Rev. Dr. Emmanuel Udofia

‘CAN will ensure there’s fairness and equity’
(His Grace, Most Revd. Emmanuel Josiah Udofia, Primate of the African Church/President, Christian Council of Nigeria)
CAN executives are meeting with some members of various blocs next week and from there, we are going to take a position concerning the election. We’ve heard so many things and this meeting will afford us the opportunity to address certain issues. We are one in CAN and regardless of whether somebody comes from the West, South or North, we belong to one umbrella body. It doesn’t matter where he comes from, and at the same time, we have to ensure there is fairness and equity. CAN has asked the blocs to send their presidential nominees and forward same to the body. Whosoever emerges as CAN president holds the leadership mantle and I know that the Electoral College will do its work to present a credible candidate to succeed the outgoing president. So, by the grace of God we will set good example.

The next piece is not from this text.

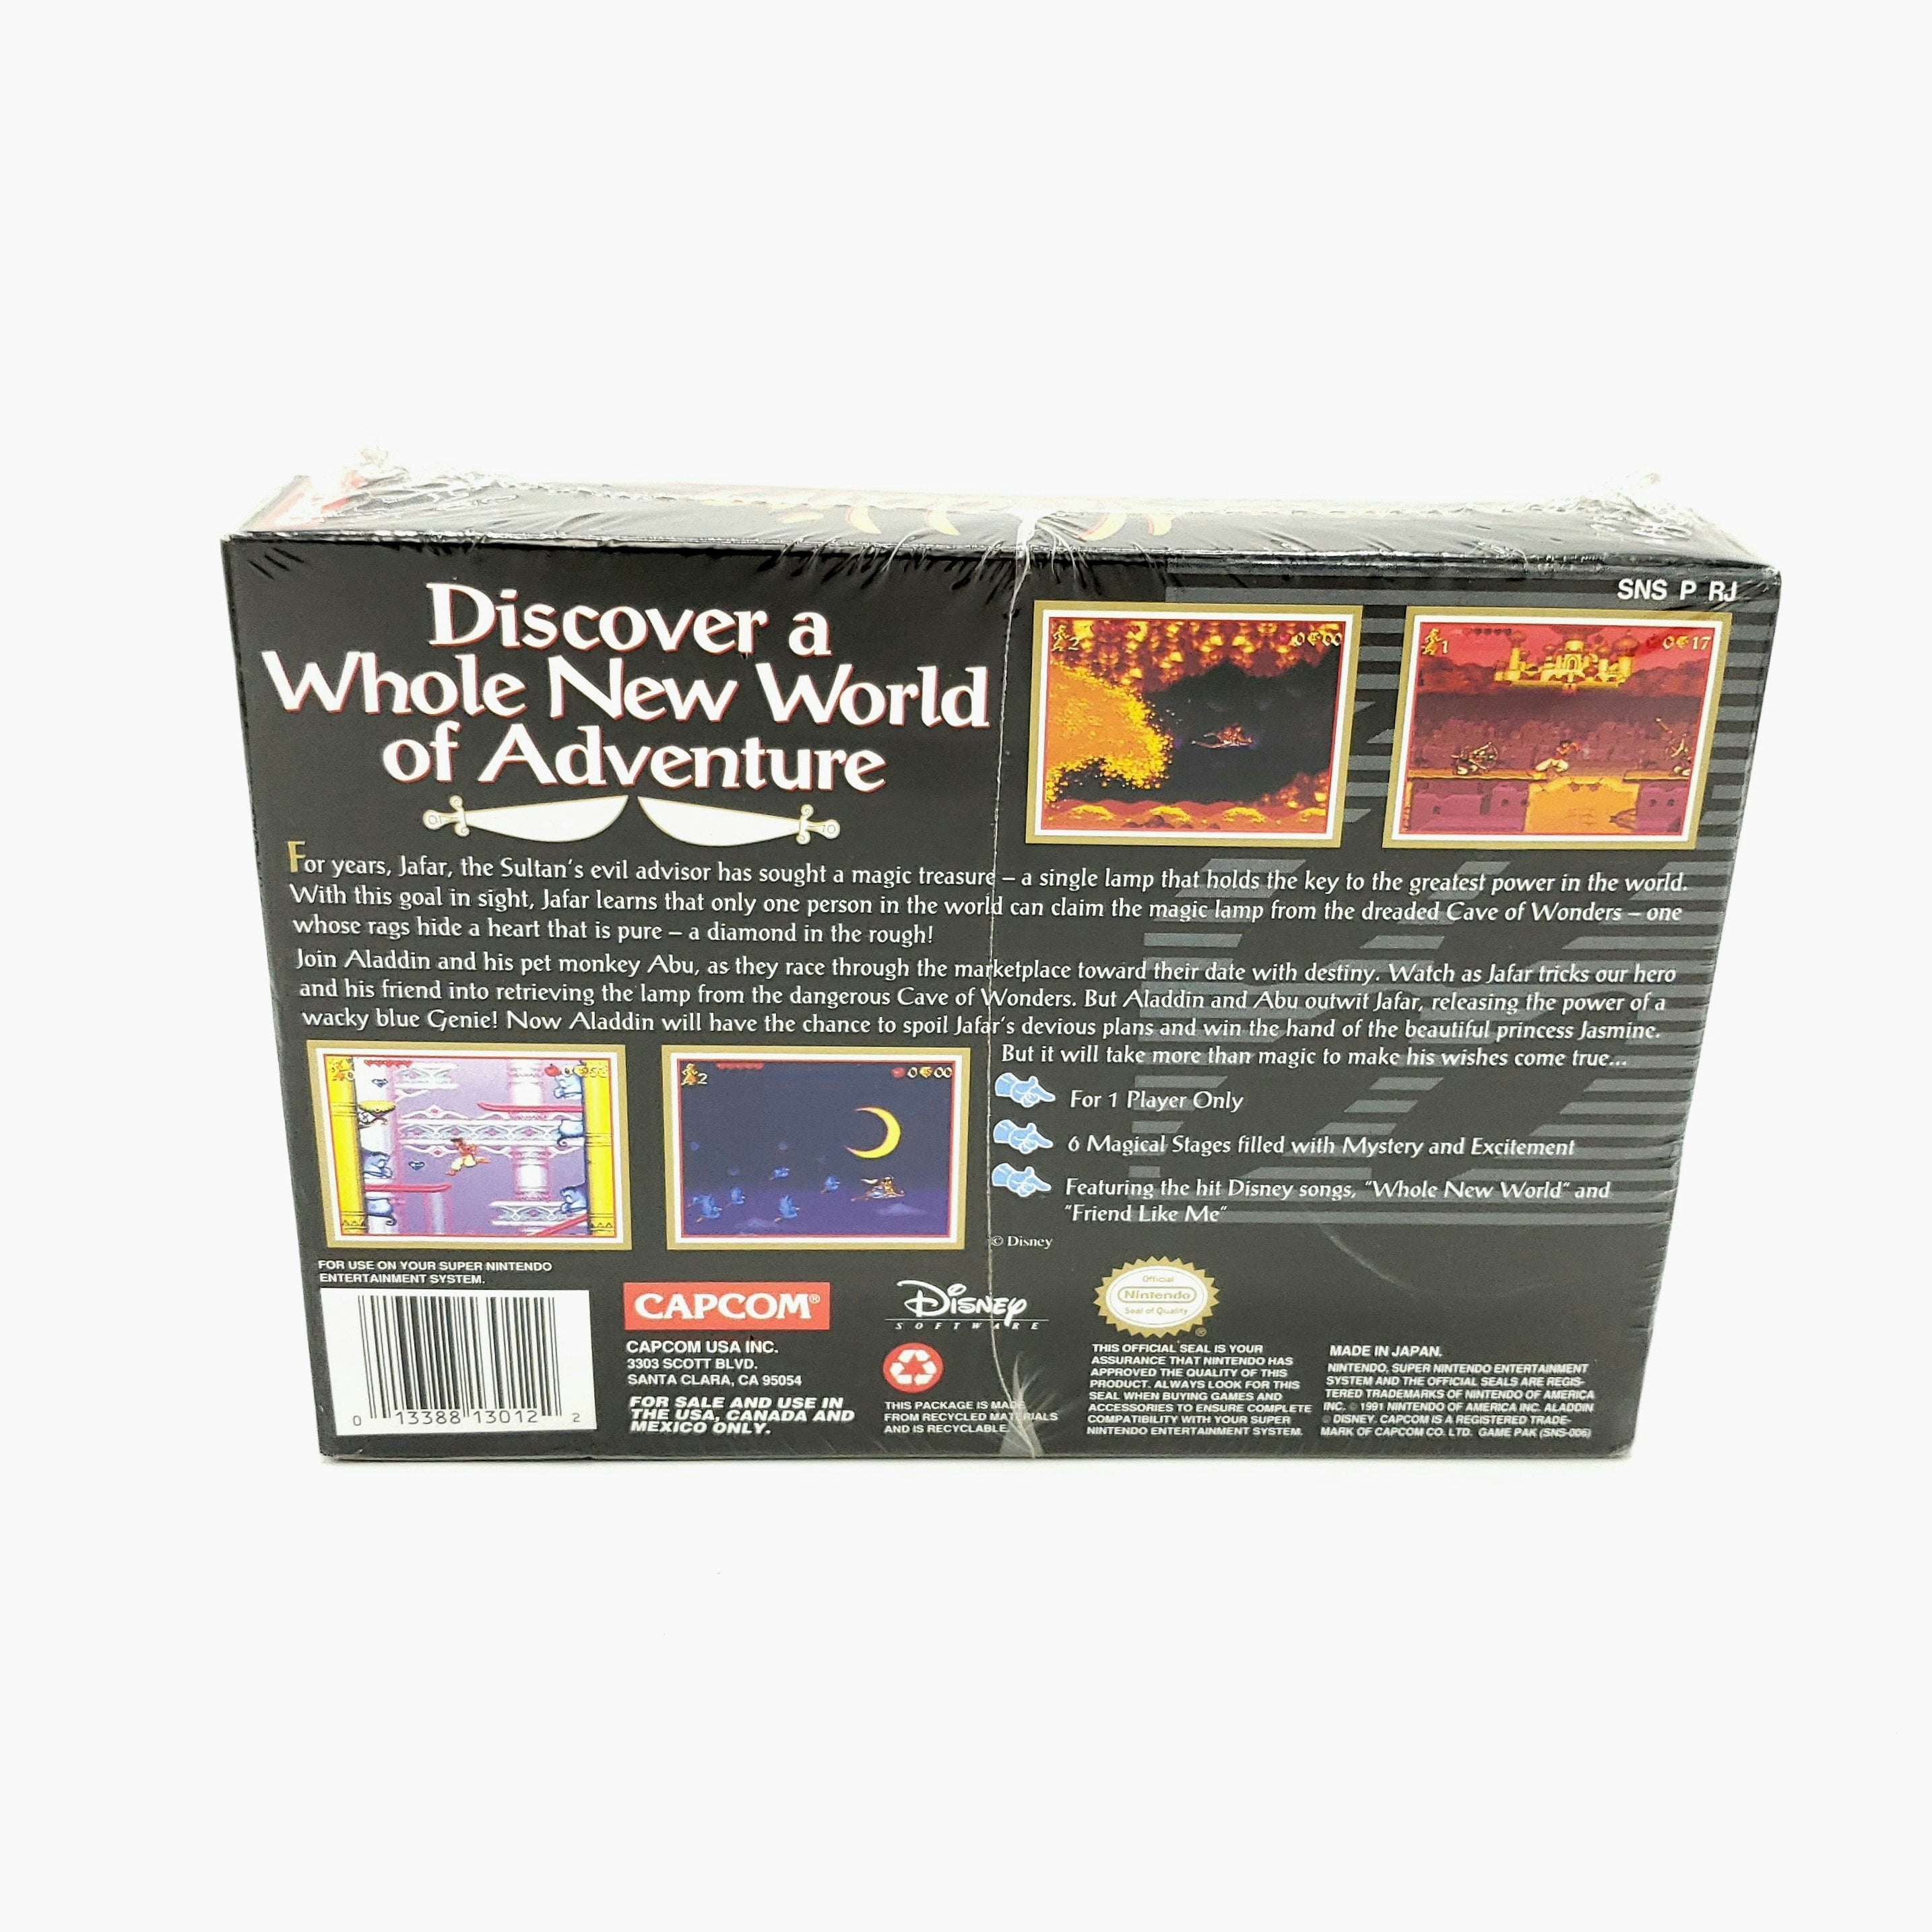 Disney's Aladdin - Super Nintendo (SNES) Game New - YourGamingShop.com - Buy, Sell, Trade Video Games Online. 120 Day Warranty. Satisfaction Guaranteed.
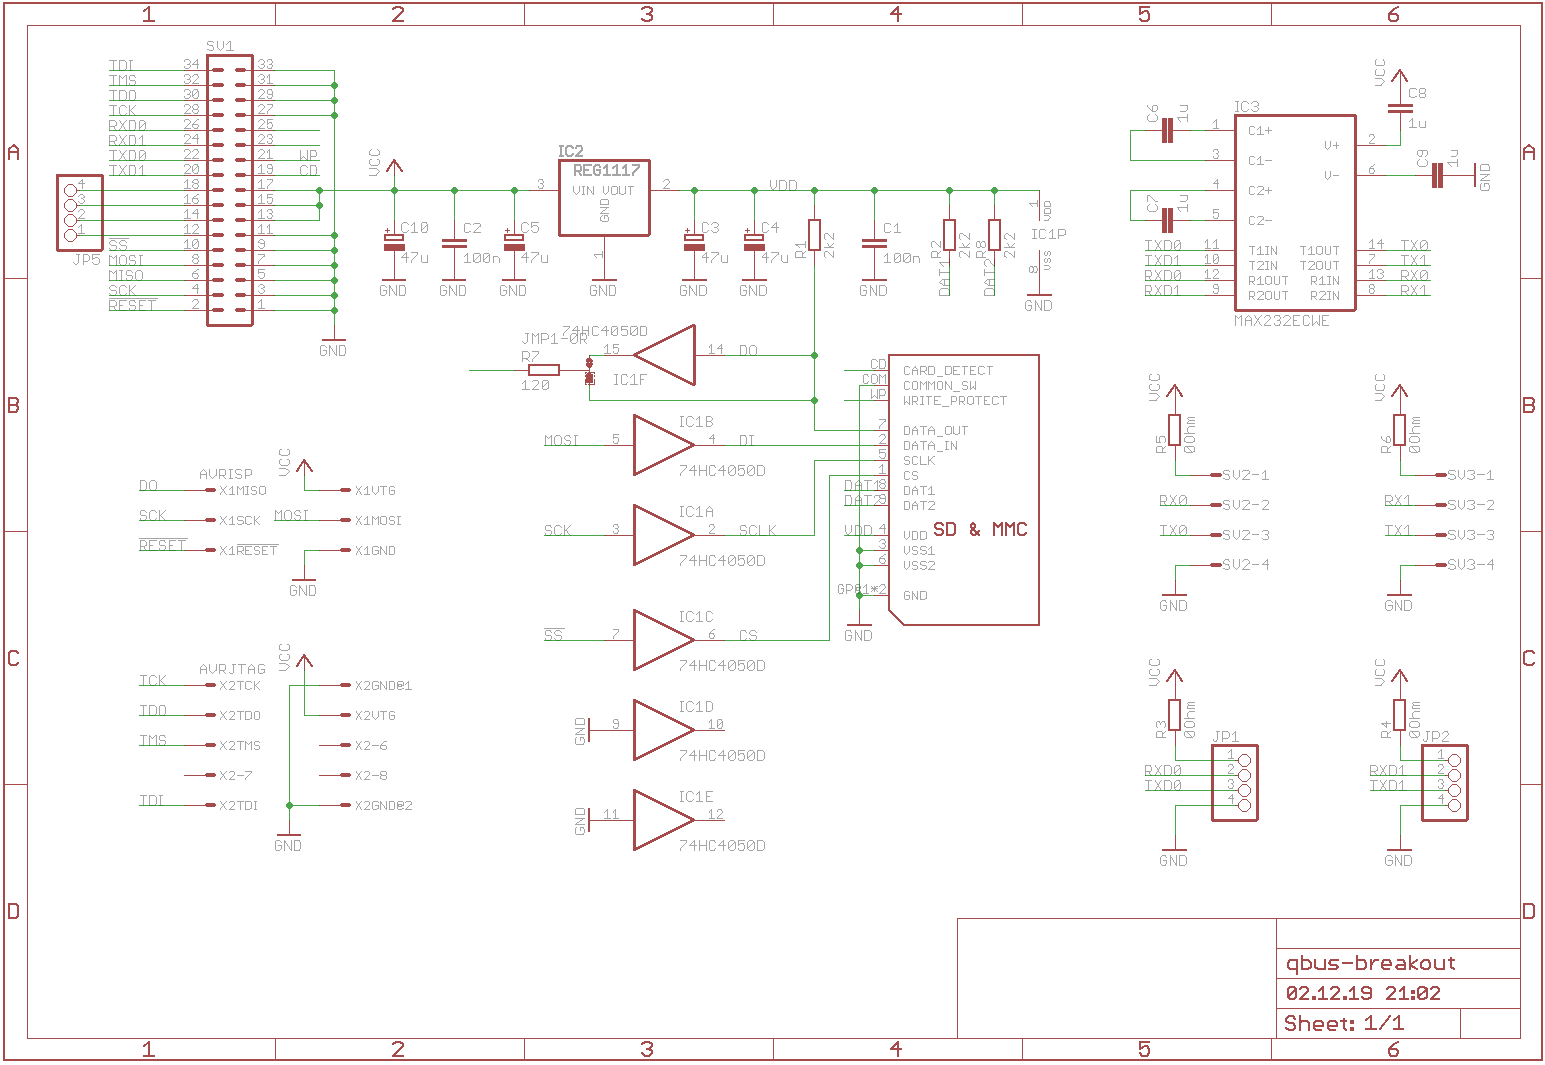 Schematic of the breakout board

CAN has always played its advisory role whenever there is need to meet with the government. It makes suggestions where necessary, as the aim is to move the nation forward. I don’t understand what people mean by hobnobbing with the government. CAN is there to speak out and condemn what needs to be condemned and praise whatever needs to be praised. That does not mean that CAN is under government’s tutelage. CAN is a separate body from the government. As a Church leader, I’m telling you we’ve been doing our work. It is one thing to suggest or give advice to a government and another thing for them to implement the suggestion. Like this present government, we can advise and speak out, whenever there is need to voice out for the benefit of Nigerians.